With low exports and little openness to imports, the economy moves in circles. The result is a lukewarm, costly, and uncompetitive market. While the rest of the planet competes for space, Brazil watches from the sidelines.
Reforms as a Turning Point
To break this cycle, experts advocate for deep structural reforms. The pension system has undergone changes but still consumes a large share of the budget.
The administrative reform could reduce personnel costs and make the state lighter. The recently approved tax reform promises to simplify rules, eliminate distortions, and create predictability for businesses. If it works, it could improve the economic environment and attract new investments.

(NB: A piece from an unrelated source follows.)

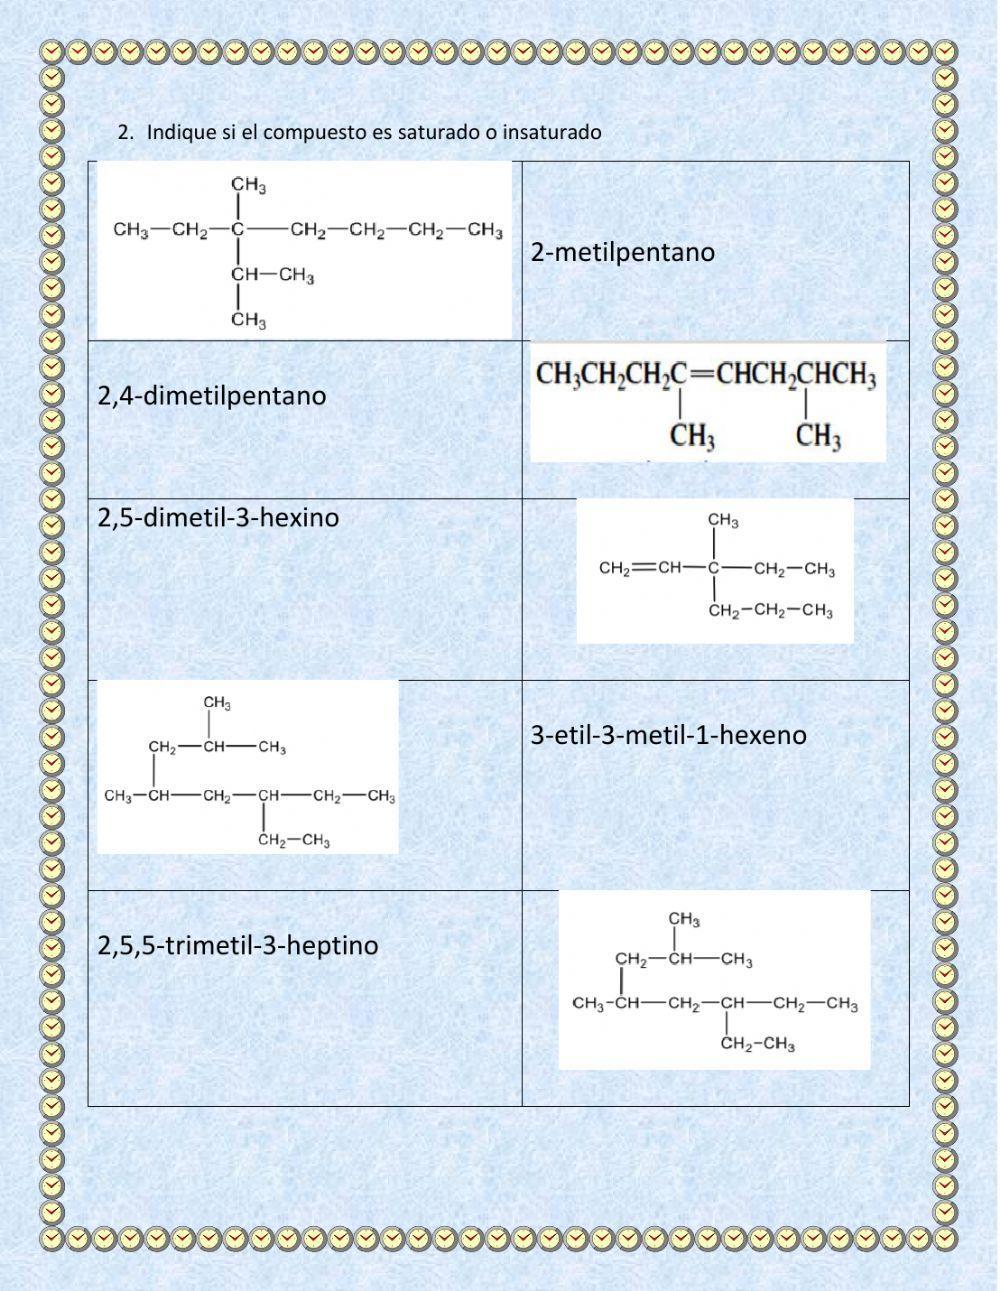 Química Orgánica: Clasificación de hidrocarburos
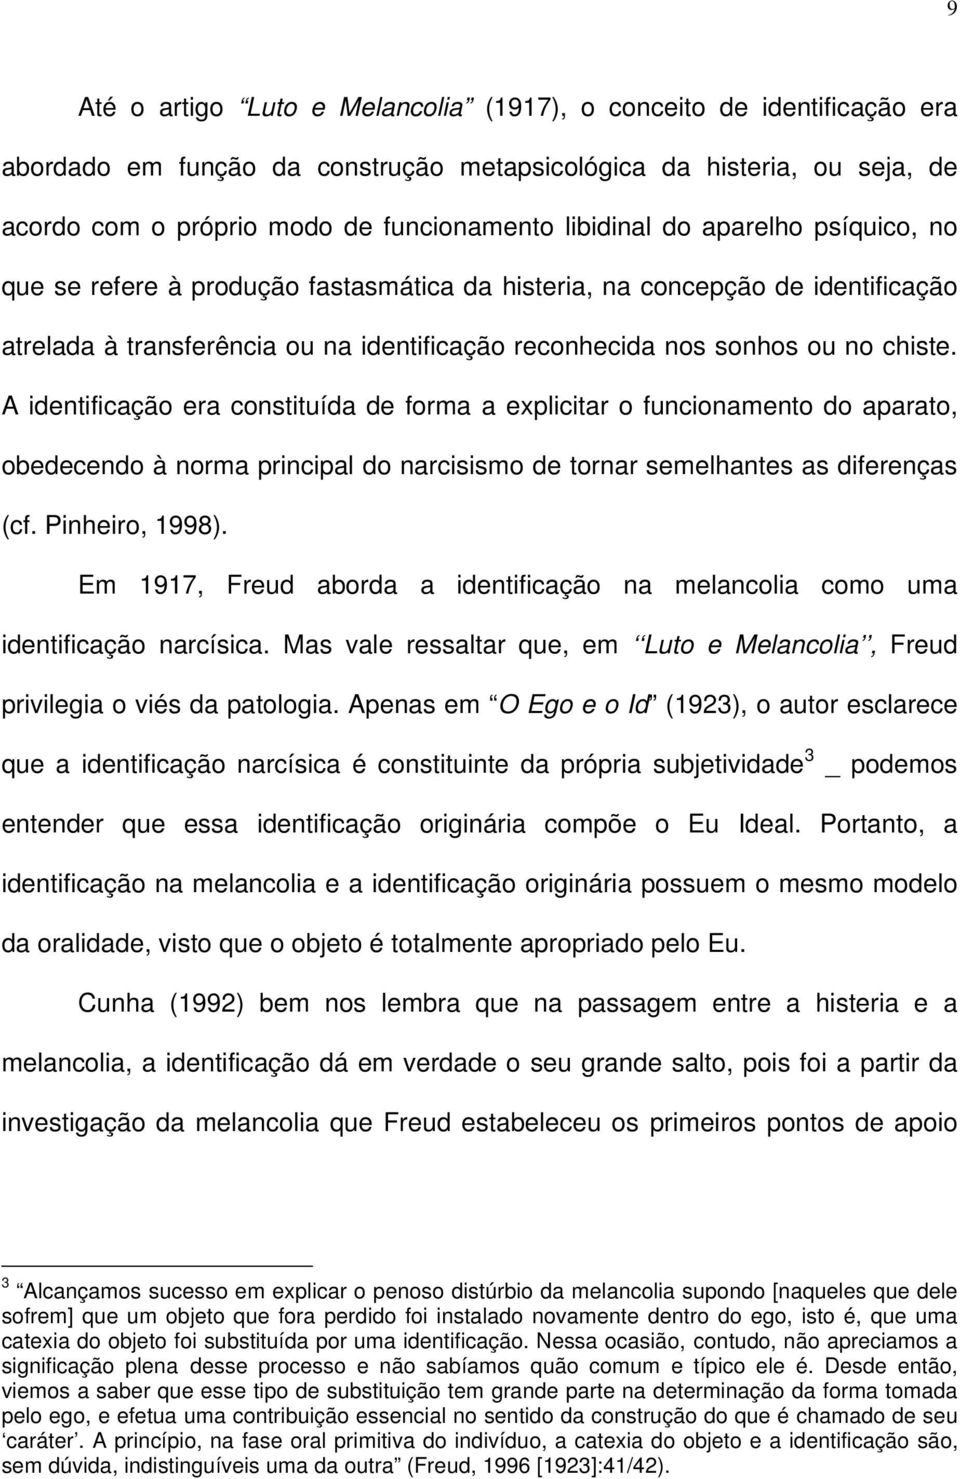 A identificação era constituída de forma a explicitar o funcionamento do aparato, obedecendo à norma principal do narcisismo de tornar semelhantes as diferenças (cf. Pinheiro, 1998).

With balanced accounts, interest rates could fall. Lower rates make credit cheaper, increase investments, and create jobs. It is the beginning of a virtuous cycle that Brazil has never managed to sustain for long.
Education as the Foundation of the Future
But even with reforms, nothing will work if education remains stagnant. Without qualified labor, there is no innovation. Without innovation, there is no productivity. Without productivity, there is no growth.
Young people need technical, scientific, and technological training to face market challenges. Only then will the country be able to compete with other emerging economies.
Asian countries have shown that this approach works. They made productivity leaps because they invested in quality education applicable to development.
Brazil needs to do the same — spend better, focus on what yields returns, demand results. Only then will investments turn into real progress.
A Collective and Courageous Effort
There is no magic solution. There is no silver bullet. It will take political courage, planning, and joint effort. Government, businesses, investors, civil society, and the judiciary will have to pull in the same direction.
We have been in worse situations, it is true. But we are still far from what we could be.
If the country aligns its accounts, invests efficiently, and opens up to the world, it may finally leave behind the chicken flights and build true growth — firm, continuous, and for all.
The road is long. But it exists. And it is waiting to be traveled.